# WHAT THE TASK REQUIRES:
Skipping all images, output the listing word for word.

┌─ RECORDED DATA

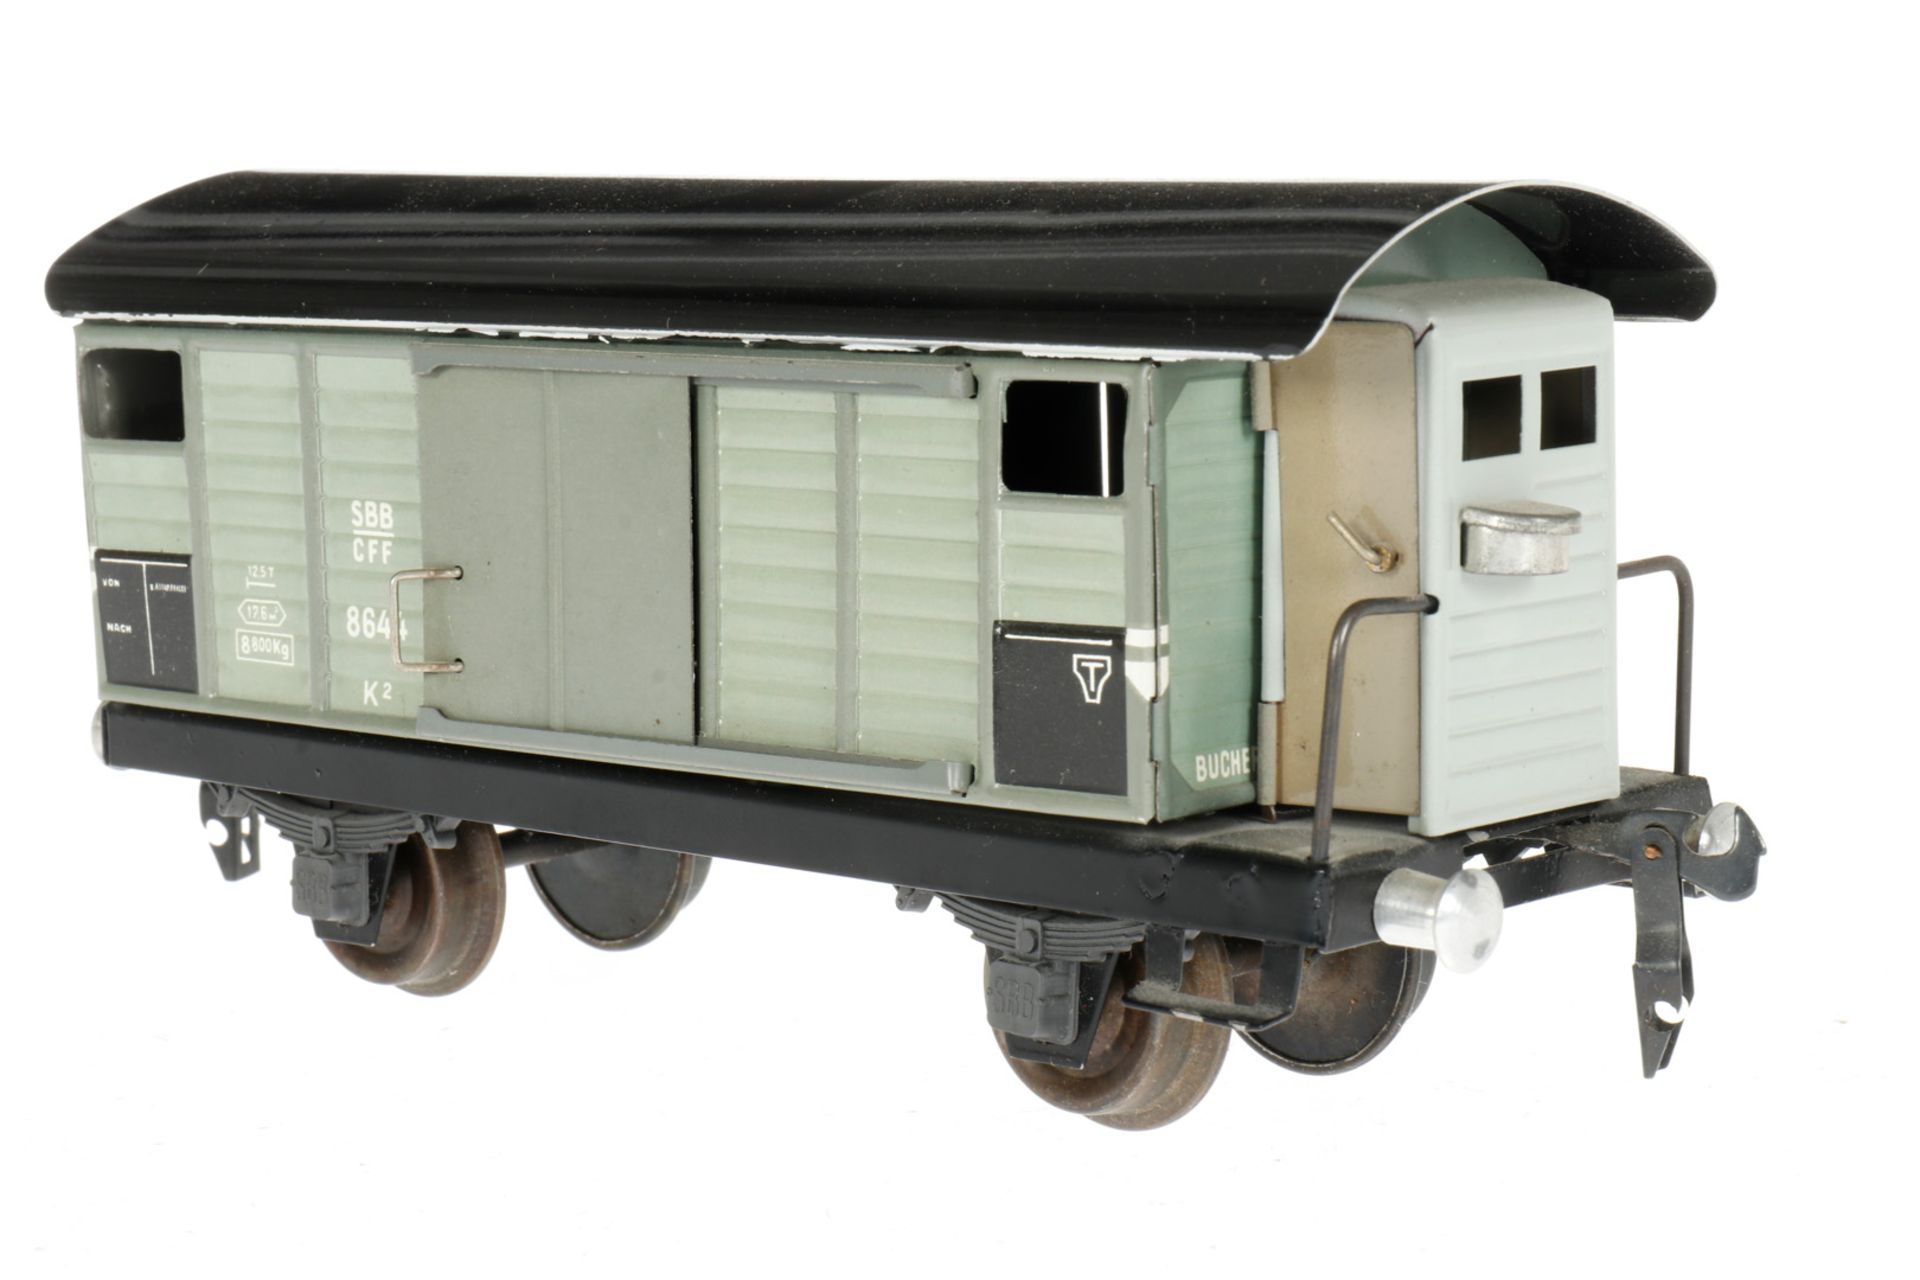 Buco gedeckter Güterwagen 8644, S 0, hellgrau, L 18, Z 3 - Bild 3 aus 4
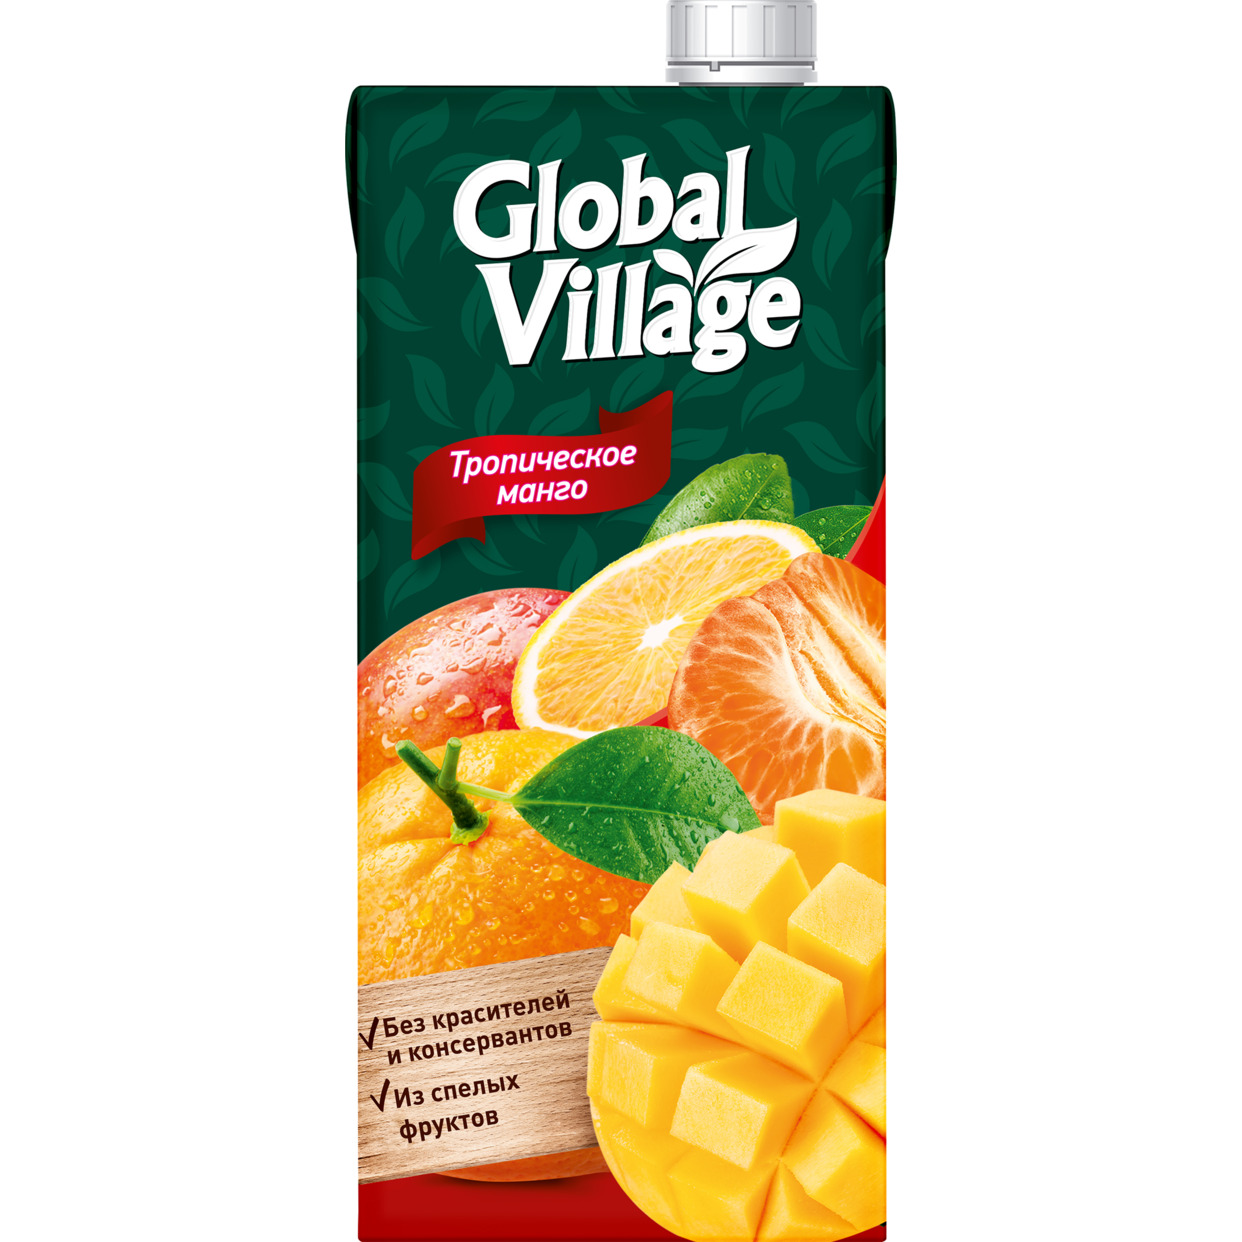 Сокосодержащий напиток из апельсинов, манго и мандаринов ТМ «Global Village» 1,93л для детей дошкольного и школьного возраста (от 3 лет)
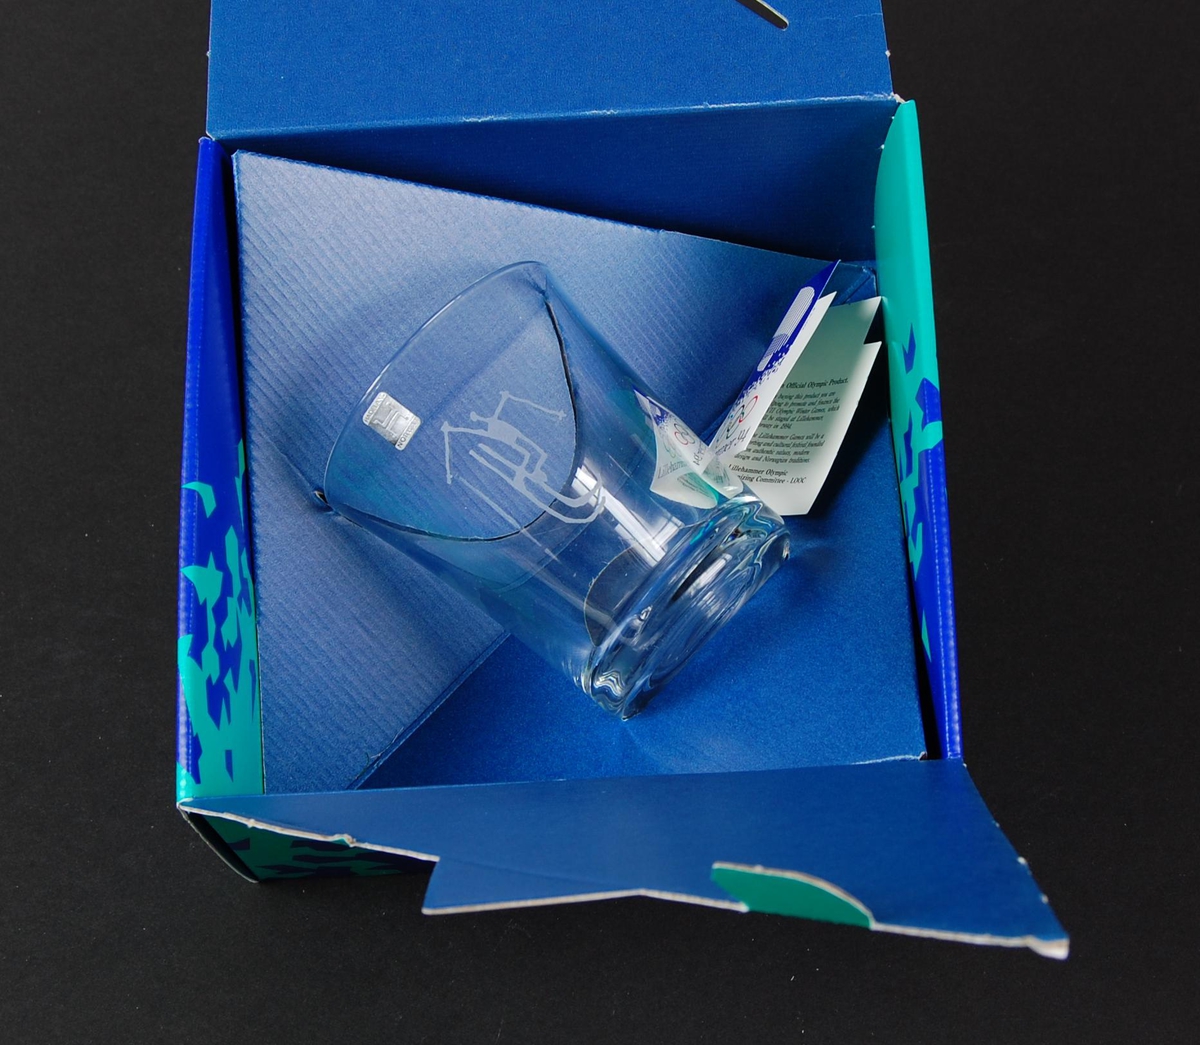 Whiskyglass med piktogram for sportsgrenen freestyle, kulekjøring. Glasset ligger i en blå og grønn pappeske med krystallmønster. Krystallmønsteret inngikk i LOOCs designprogram. På esken er det også en logo for de olympiske vinterleker på Lillehammer i 1994. 
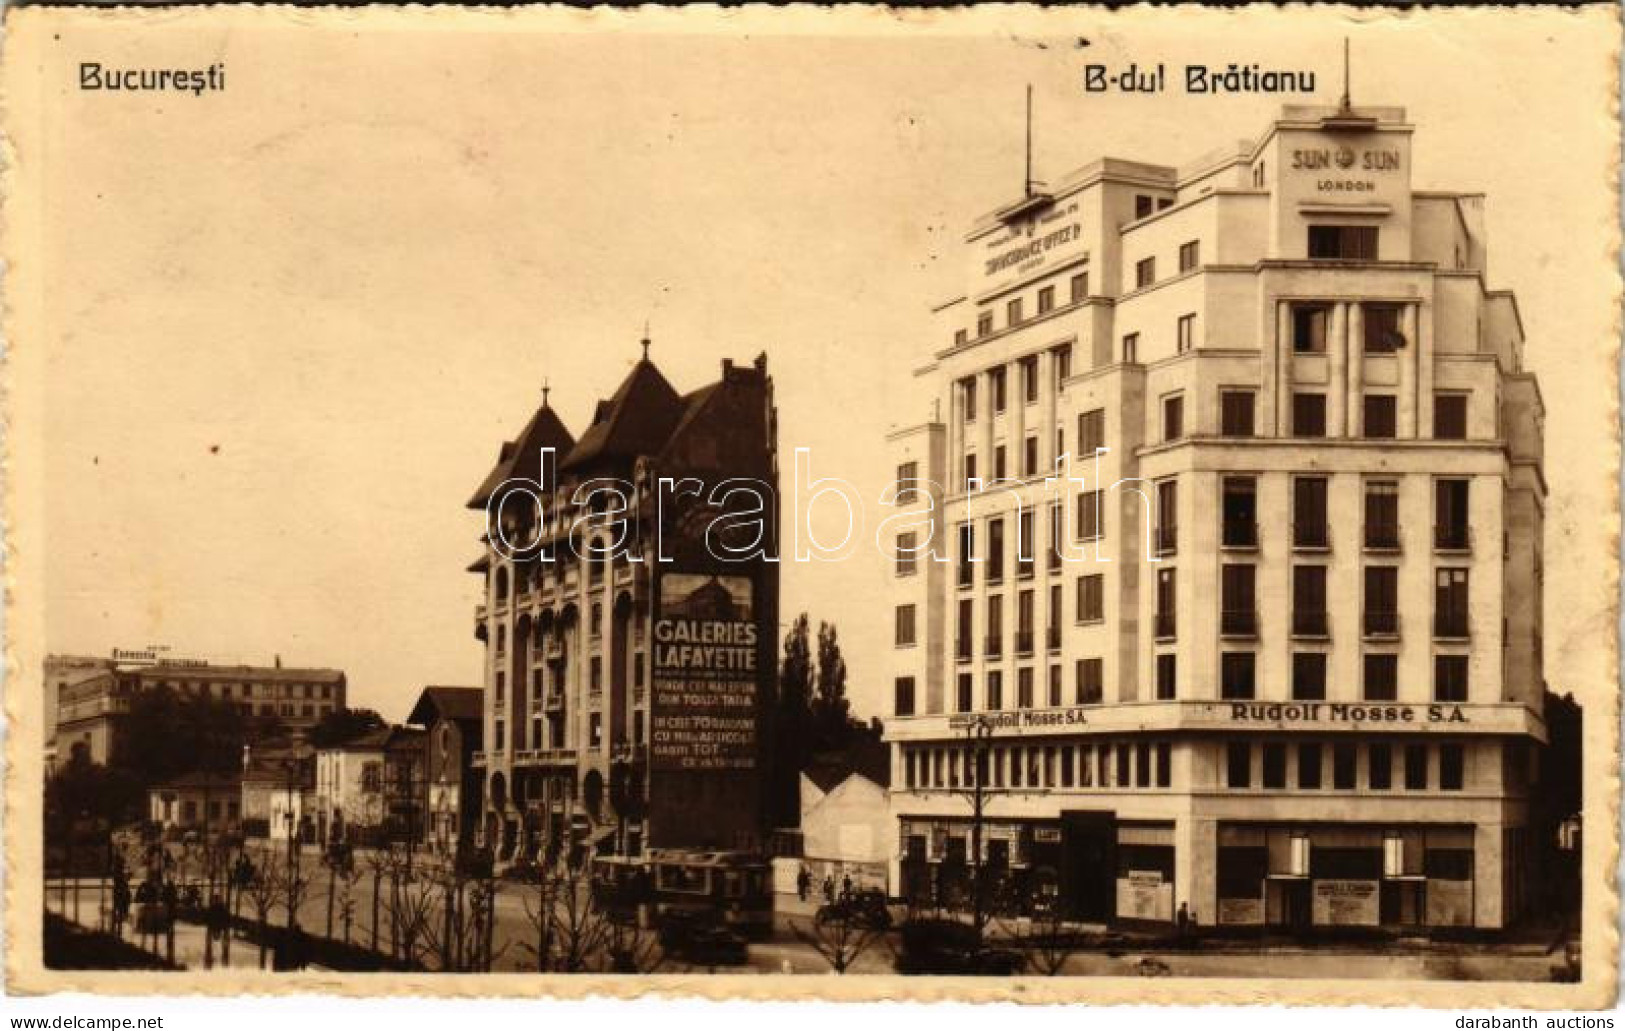 T2/T3 1933 Bucharest, Bukarest, Bucuresti, Bucuresci; B-dul Bratianu, Rudolf Mosse S.A., Sun Insurance Office Ltd. Londo - Unclassified

└─

# RESPONSE TO THE EXERCISE:
 Buco gedeckter Güterwagen 8644, S 0, hellgrau, L 18, Z 3 - Bild 3 aus 4
 Сокосодержащий напиток из апельсинов, манго и мандаринов ТМ «Global Village» 1,93л для детей дошкольного и школьного возраста (от 3 лет)
 Whiskyglass med piktogram for sportsgrenen freestyle, kulekjøring. Glasset ligger i en blå og grønn pappeske med krystallmønster. Krystallmønsteret inngikk i LOOCs designprogram. På esken er det også en logo for de olympiske vinterleker på Lillehammer i 1994. 
 T2/T3 1933 Bucharest, Bukarest, Bucuresti, Bucuresci; B-dul Bratianu, Rudolf Mosse S.A., Sun Insurance Office Ltd. Londo - Unclassified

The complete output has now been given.